# Disappointed with Modbargains.com



## Esteves (Sep 29, 2002)

Disappointed with Modbargains.com

Okay, I need to vent. I'm thoroughly disappointed with my experience ordering from www.modbargains.com

01-22-08 - I placed an order with www.modbargains.com

01-23-08 - Received an email that there was something wrong with my order. My fault, incorrect three digit code for the credit card. Not a problem, I provide it.

01-26-08 - Received an email that my credit card was charged and my order is being processed. I should be receiving an email for my tracking numbers.

01-31-08 - I phone modbargains.com and ask why I have not received my tracking numbers and where my order was shipped. The order was supposedly processed on 01-26-08, yet no action on my order. Customer service rep acknowledges no tracking number and gets my phone number and will call me back. She will track down manufacturers and ask why items have no shipped. I do not receive a phone call from customer service rep.

02-02-08 - Sent an email to modbargains.com asking again why my order has not been shipped. I mention in the email that I spoke to a customer service rep, but that person did not return my phone call. Email was sent at 7:30am.

02-02-08 - I receive an email 4 hours later (11:30am according to time stamp) that my order was indeed shipped on 01-31-08, but the tracking numbers were never emailed to me. I find amusing that it was shipped on 01-31-08, the day I called asking why my order was not shipped. I can only assume that my calling prompted modbargains.com to ship my order and if I had not called, it may not have shipped, but this is just conjecture. I receive a separate email with my tracking numbers (2 shipments) that same day.

02-06-08 - I received the order and notice that an item is missing. I send an email stating that there is a missing item in my order.

02-06-08 - I receive an email an hour later stating the tracking number that the item was associated to and that the tracking number states the item was delivered. Modbargains.com asks in their email "Was that part not in the package?"

02-06-08 - I respond to modbargains.com email that the ordered part was not in the package. I do not receive any response email.

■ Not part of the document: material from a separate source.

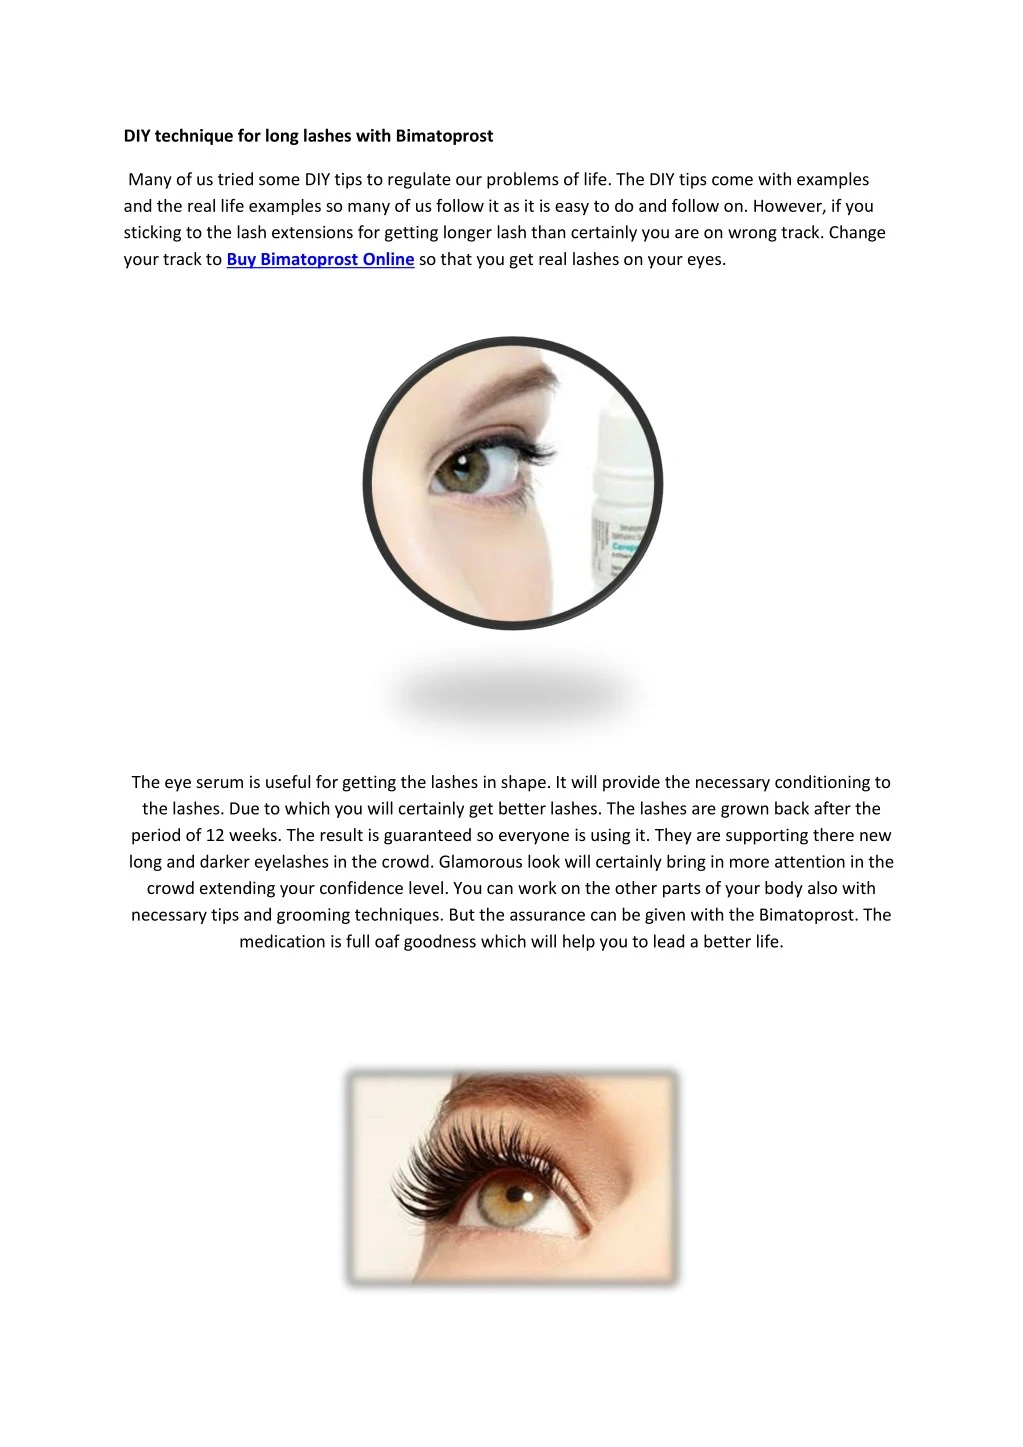 diy technique for long lashes with bimatoprost

02-09-08 - I send an email to modbargains.com stating again that my order is incomplete. Also, I also state in my email that the bonnet stripes I ordered are the incorrect size, the incorrect item number and I was also overcharged. I was charged for rear bonnet stripes ($41.50), but my order clearly shows the part number for front bonnet stripes (should be $31.50), but the charged amount is $41.50. I can only guess that they must have shipped me bonnet stripes for the hatch portion based on the charged amount. I ask modbargains .com to rectify the matter by

1. Correct the error in billing and credit me $10.00 for the overcharge for Item #bmw-mini-ext003.
2. Overnight Item #bmw-mini-ext003 at no charge to my address. Please use a circular shipping container to ship this item. The incorrect bonnet stripes that were shipped were placed in a square box and thoroughly creased as can be seen in the pictures attached.
3. Overnight Item #bmw-mini-ext006 at no charge to my address.

It's obviously late on Saturday and they are close, but I hope modbargains.com fixes this problem.

I'm thoroughly disappointed with my experience with this company. I'm sure plenty of folks have had good experience, but I believe I've given modbargains.com enough time to correct the situation in a timely manner.

I've attached pictures of the incorrect bonnet stripes they sent (which I also sent to them in the email I sent today).

Pictures here: http://forums.bimmerforums.com/forum/showpost.php?p=12058806&postcount=1


----------



## Rich_Jenkins (Jul 12, 2003)

Hi, one vent is fine, but cross posting is usually a :nono:

mmk?


----------



## Esteves (Sep 29, 2002)

You're right. I just got carried away and I rarely cross post.

I'm not a frequent violator of this unsaid rule, but I'll let the moderators decide what to do.


----------



## Esteves (Sep 29, 2002)

I've been asked by modbargains.com to discontinue this thread until the matter is resolved.

*Moderators, please delete this thread, lock down thread or whatever action you feel is appropriate.*

Once the matter is resolved, I will re-post my experience and everyone can decide for themselves how they wish to approach the matter.

In the mean time, I will continue documenting the chronology of events as they occur until the matter comes to a conclusion.

*EVERYONE* - Until the matter is resolved, please discontinue posting/responding to this thread until moderators have had time to discontinue the thread. I appreciate all responses to this thread, both support, criticisms of myself and/or modbargains.com, opinions, etc.


----------